- ASSIGNMENT -
Please write out the listing exactly, leaving each picture out.

- GIVEN INFORMATION -
== Segment start ==

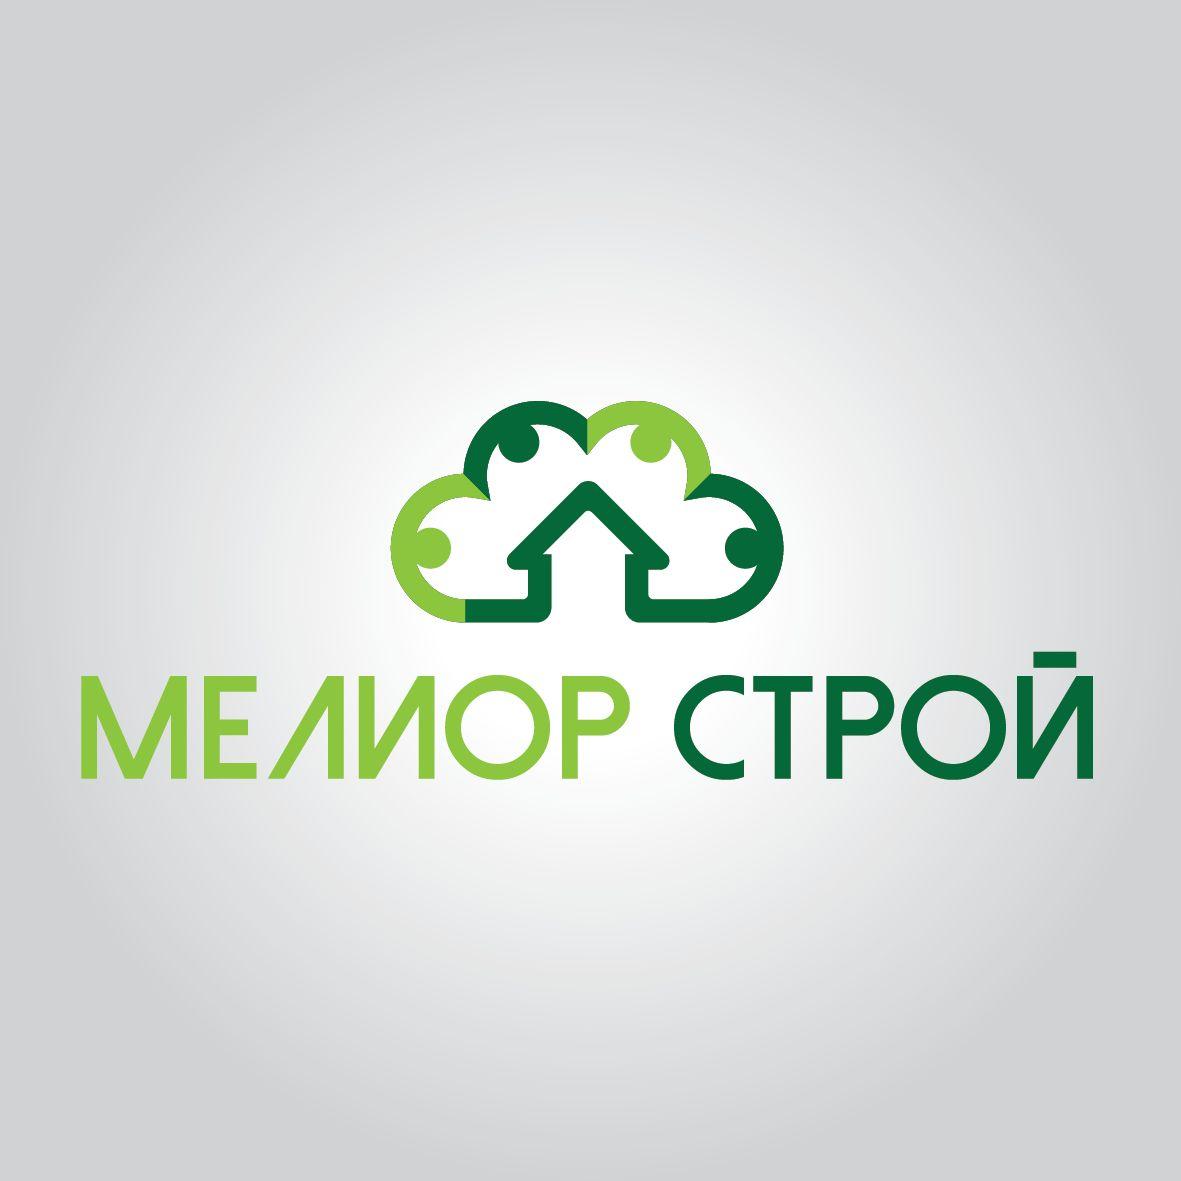 Фирменный стиль для Мелиор Строй - дизайнер kit-design
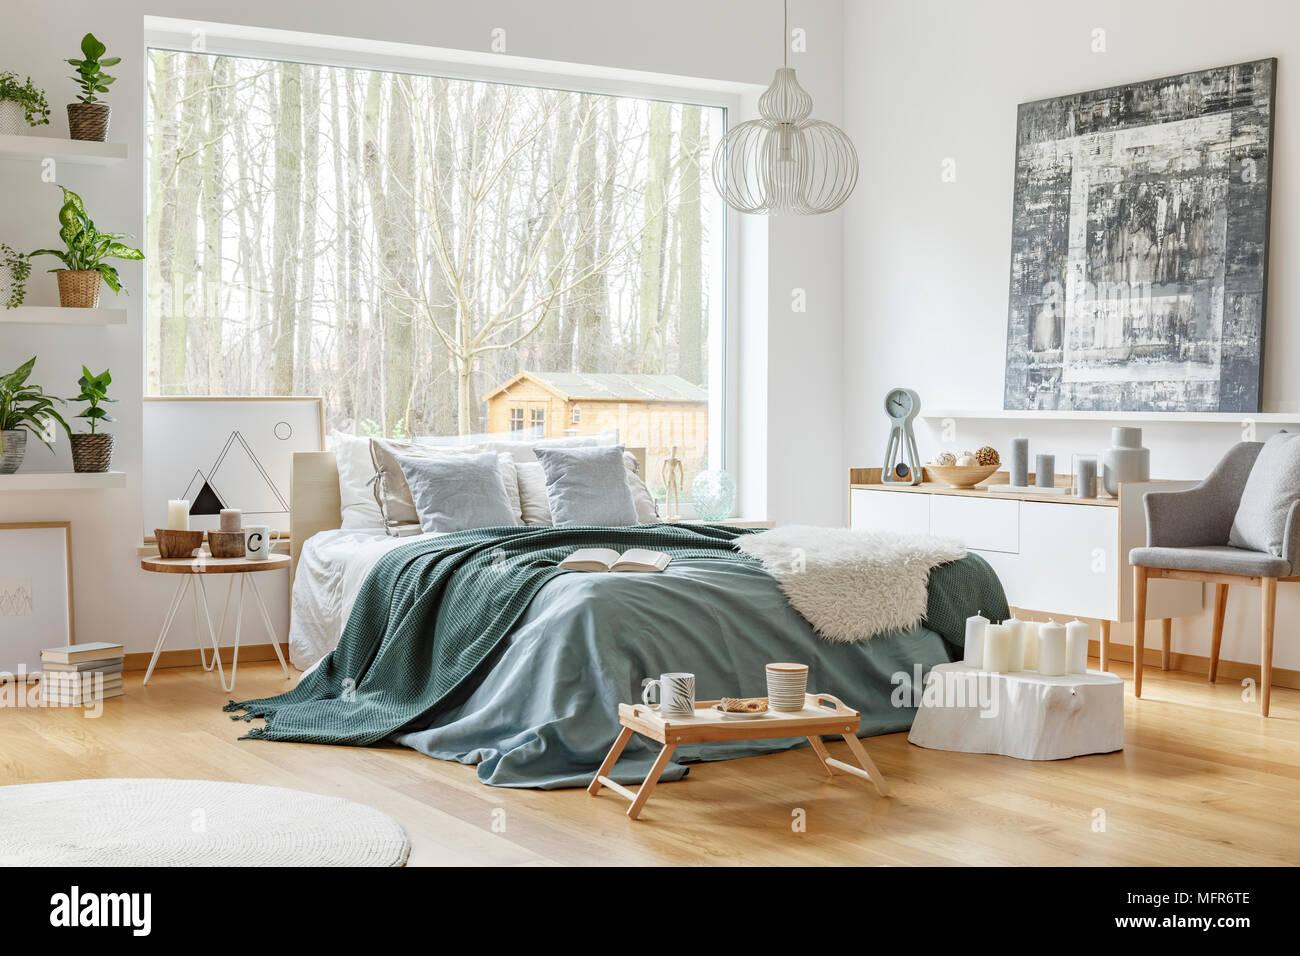 Letto Con Armadio Sopra pittura sopra armadio bianco vicino al letto con verde
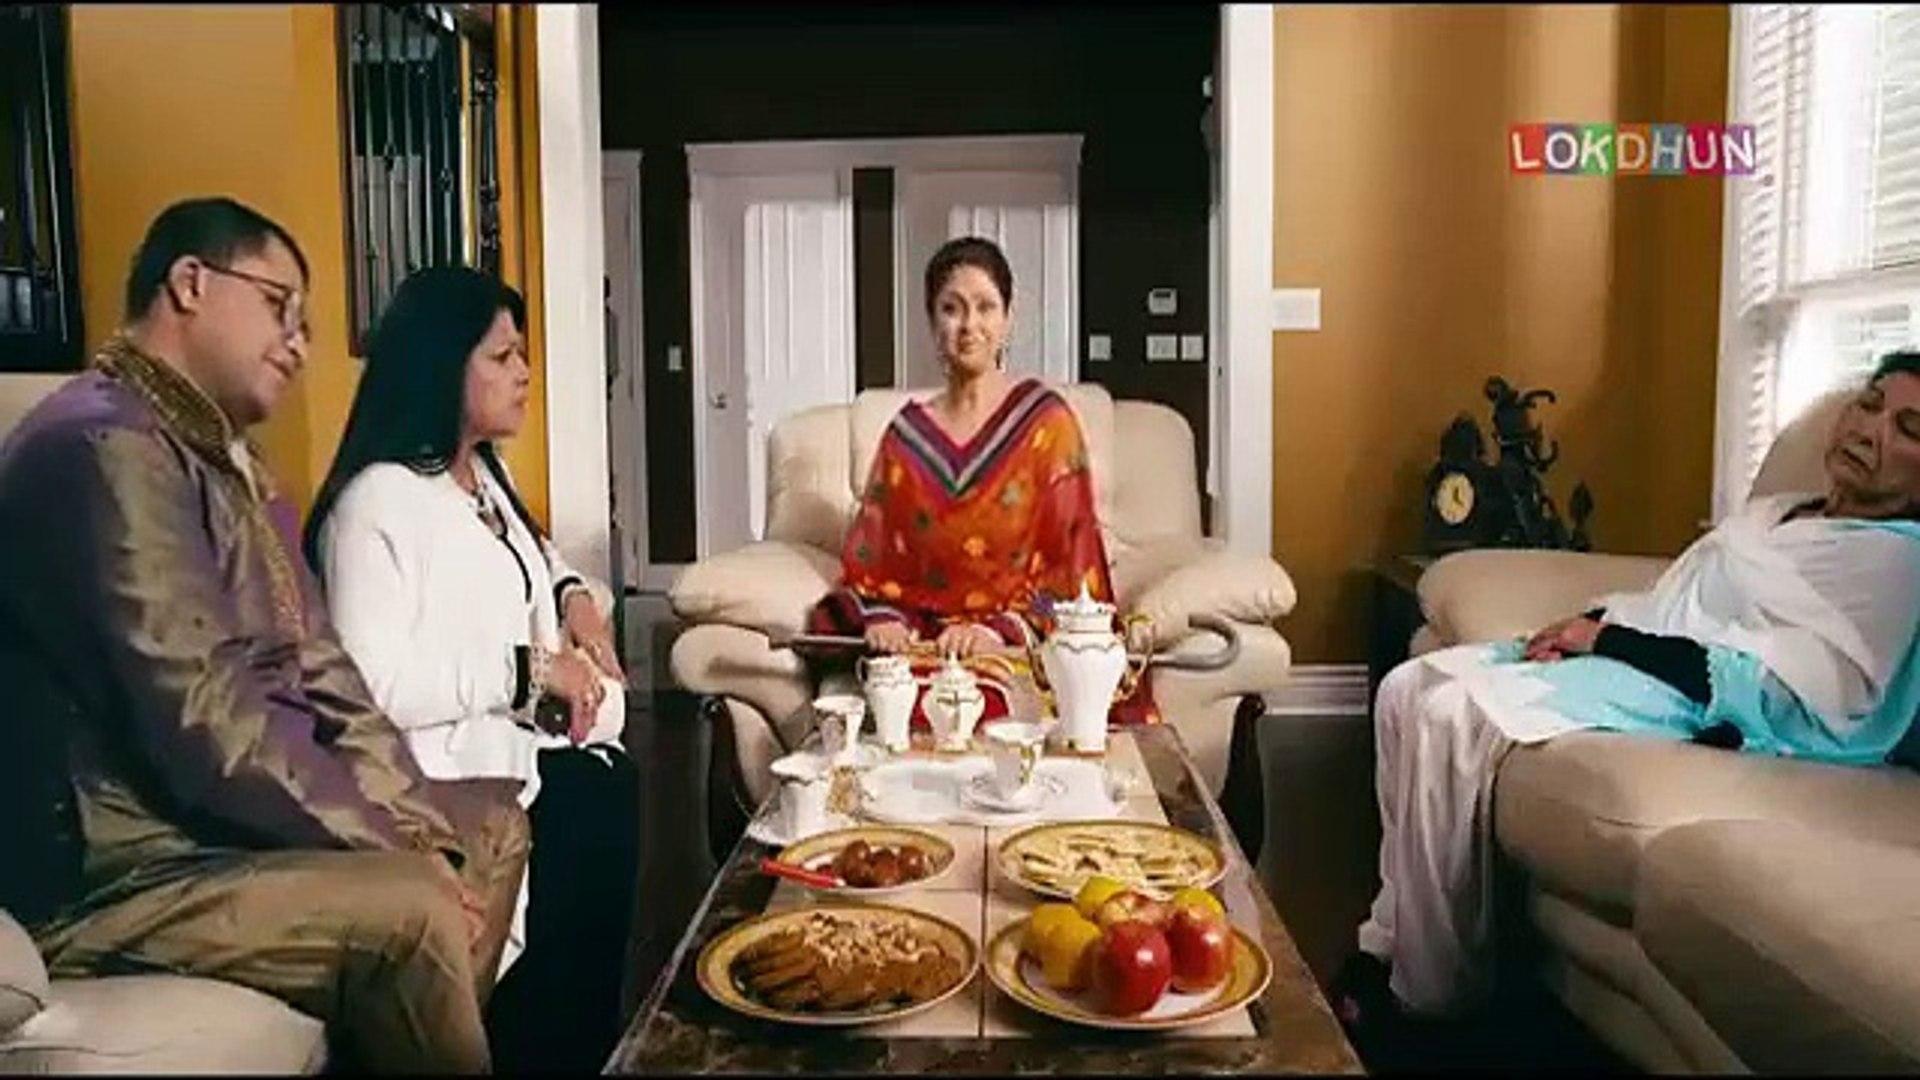 Jatt & Juliet 2 - Latest Punjabi Film - New Punjabi Movie HD - Popular Punjabi Films part (2) Da

== Segment end ==

- RESPONSE -
 Фирменный стиль для Мелиор Строй - дизайнер kit-design
 Letto Con Armadio Sopra pittura sopra armadio bianco vicino al letto con verde
 Jatt & Juliet 2 - Latest Punjabi Film - New Punjabi Movie HD - Popular Punjabi Films part (2) Da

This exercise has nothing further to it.